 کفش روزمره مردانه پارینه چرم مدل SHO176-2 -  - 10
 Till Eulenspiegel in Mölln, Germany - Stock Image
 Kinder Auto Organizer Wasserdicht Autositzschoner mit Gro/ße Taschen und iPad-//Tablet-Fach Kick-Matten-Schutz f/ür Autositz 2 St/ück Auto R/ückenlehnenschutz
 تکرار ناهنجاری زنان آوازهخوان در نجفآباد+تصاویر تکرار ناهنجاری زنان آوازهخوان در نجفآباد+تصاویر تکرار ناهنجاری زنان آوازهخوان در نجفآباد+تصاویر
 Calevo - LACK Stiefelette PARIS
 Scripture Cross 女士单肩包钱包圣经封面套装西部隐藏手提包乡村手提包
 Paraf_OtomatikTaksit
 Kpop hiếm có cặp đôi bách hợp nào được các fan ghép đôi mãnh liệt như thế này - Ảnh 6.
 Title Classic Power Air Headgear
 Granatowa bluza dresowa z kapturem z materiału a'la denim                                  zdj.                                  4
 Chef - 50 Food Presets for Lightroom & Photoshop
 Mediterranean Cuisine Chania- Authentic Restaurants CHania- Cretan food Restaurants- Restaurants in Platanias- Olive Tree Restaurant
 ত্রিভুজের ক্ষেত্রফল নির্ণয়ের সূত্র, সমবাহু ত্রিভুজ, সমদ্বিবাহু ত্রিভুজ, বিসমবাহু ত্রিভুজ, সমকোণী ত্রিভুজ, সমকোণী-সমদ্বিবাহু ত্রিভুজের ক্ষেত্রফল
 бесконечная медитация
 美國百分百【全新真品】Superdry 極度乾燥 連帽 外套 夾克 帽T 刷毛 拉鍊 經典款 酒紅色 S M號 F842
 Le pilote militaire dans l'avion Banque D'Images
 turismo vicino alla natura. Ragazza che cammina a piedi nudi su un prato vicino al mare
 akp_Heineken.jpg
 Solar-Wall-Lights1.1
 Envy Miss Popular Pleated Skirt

■ ■ ■ ■ ■

→ Requirement
Return the records exactly, every line included.

→ Response to this task
 کفش روزمره مردانه پارینه چرم مدل SHO176-2 -  - 10
 Till Eulenspiegel in Mölln, Germany - Stock Image
 Kinder Auto Organizer Wasserdicht Autositzschoner mit Gro/ße Taschen und iPad-//Tablet-Fach Kick-Matten-Schutz f/ür Autositz 2 St/ück Auto R/ückenlehnenschutz
 تکرار ناهنجاری زنان آوازهخوان در نجفآباد+تصاویر تکرار ناهنجاری زنان آوازهخوان در نجفآباد+تصاویر تکرار ناهنجاری زنان آوازهخوان در نجفآباد+تصاویر
 Calevo - LACK Stiefelette PARIS
 Scripture Cross 女士单肩包钱包圣经封面套装西部隐藏手提包乡村手提包
 Paraf_OtomatikTaksit
 Kpop hiếm có cặp đôi bách hợp nào được các fan ghép đôi mãnh liệt như thế này - Ảnh 6.
 Title Classic Power Air Headgear
 Granatowa bluza dresowa z kapturem z materiału a'la denim                                  zdj.                                  4
 Chef - 50 Food Presets for Lightroom & Photoshop
 Mediterranean Cuisine Chania- Authentic Restaurants CHania- Cretan food Restaurants- Restaurants in Platanias- Olive Tree Restaurant
 ত্রিভুজের ক্ষেত্রফল নির্ণয়ের সূত্র, সমবাহু ত্রিভুজ, সমদ্বিবাহু ত্রিভুজ, বিসমবাহু ত্রিভুজ, সমকোণী ত্রিভুজ, সমকোণী-সমদ্বিবাহু ত্রিভুজের ক্ষেত্রফল
 бесконечная медитация
 美國百分百【全新真品】Superdry 極度乾燥 連帽 外套 夾克 帽T 刷毛 拉鍊 經典款 酒紅色 S M號 F842
 Le pilote militaire dans l'avion Banque D'Images
 turismo vicino alla natura. Ragazza che cammina a piedi nudi su un prato vicino al mare
 akp_Heineken.jpg
 Solar-Wall-Lights1.1
 Envy Miss Popular Pleated Skirt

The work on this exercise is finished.